Ma Rainey’s Black Bottom
Netflix’s adaptation of August Wilson’s play about ambition and racial tension during a 1927 blues recording session has some major problems, mostly revolving around the stage-friendly structure that has many of the characters speaking in long, self-declarative manifestoes, and the drama barreling from 0 to 100 in seconds in far too many scenes.

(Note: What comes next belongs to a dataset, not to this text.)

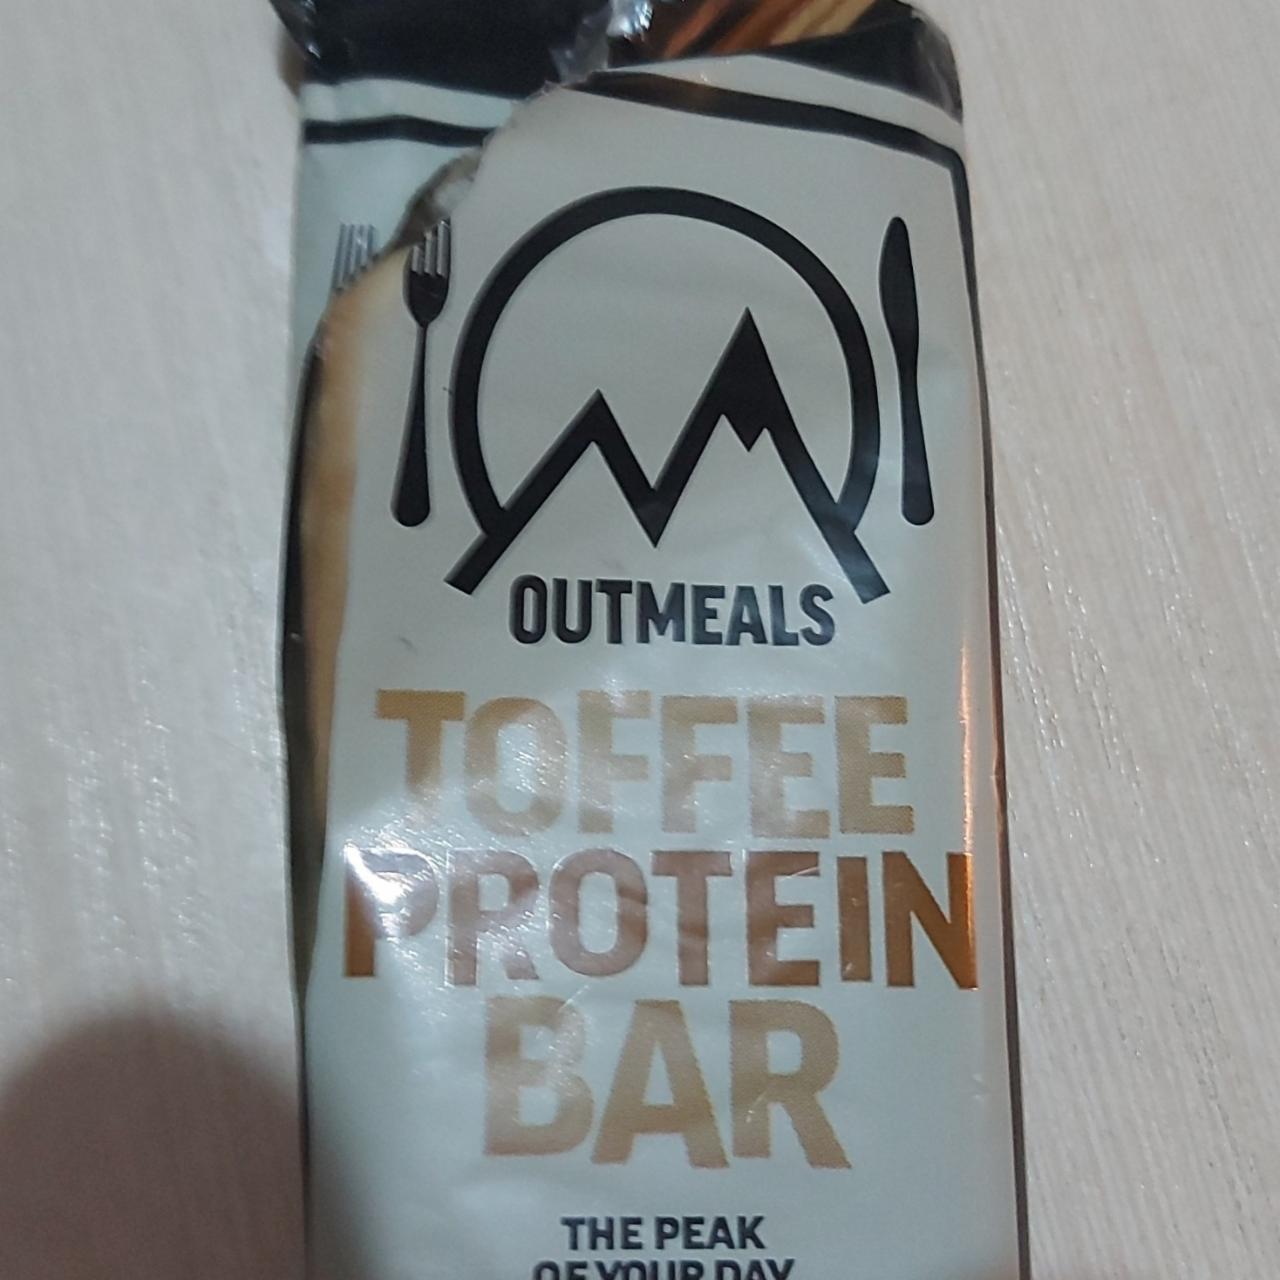 Фото - Батончик протеиновый toffee protein bar Outmeals

But none of the problems are in the performances, which are mesmerizing — particularly Viola Davis as the famed blues singer of the title, and Boseman as the session player and songwriter who knows he’s talented enough for bigger and better things, if he can just convince the snobby white producers to back him. Produced by Denzel Washington, who mentored Boseman in his early years and paid for him to attend a prestigious acting program, the film feels like a showcase designed to show Davis’ and Boseman’s flexibility, range, and intensity. This was Boseman’s last movie, and he throws himself into it with delicious, frightening fervor, making a full meal out of every furious speech. —Tasha Robinson
Ma Rainey’s Black Bottom is available to stream on Netflix.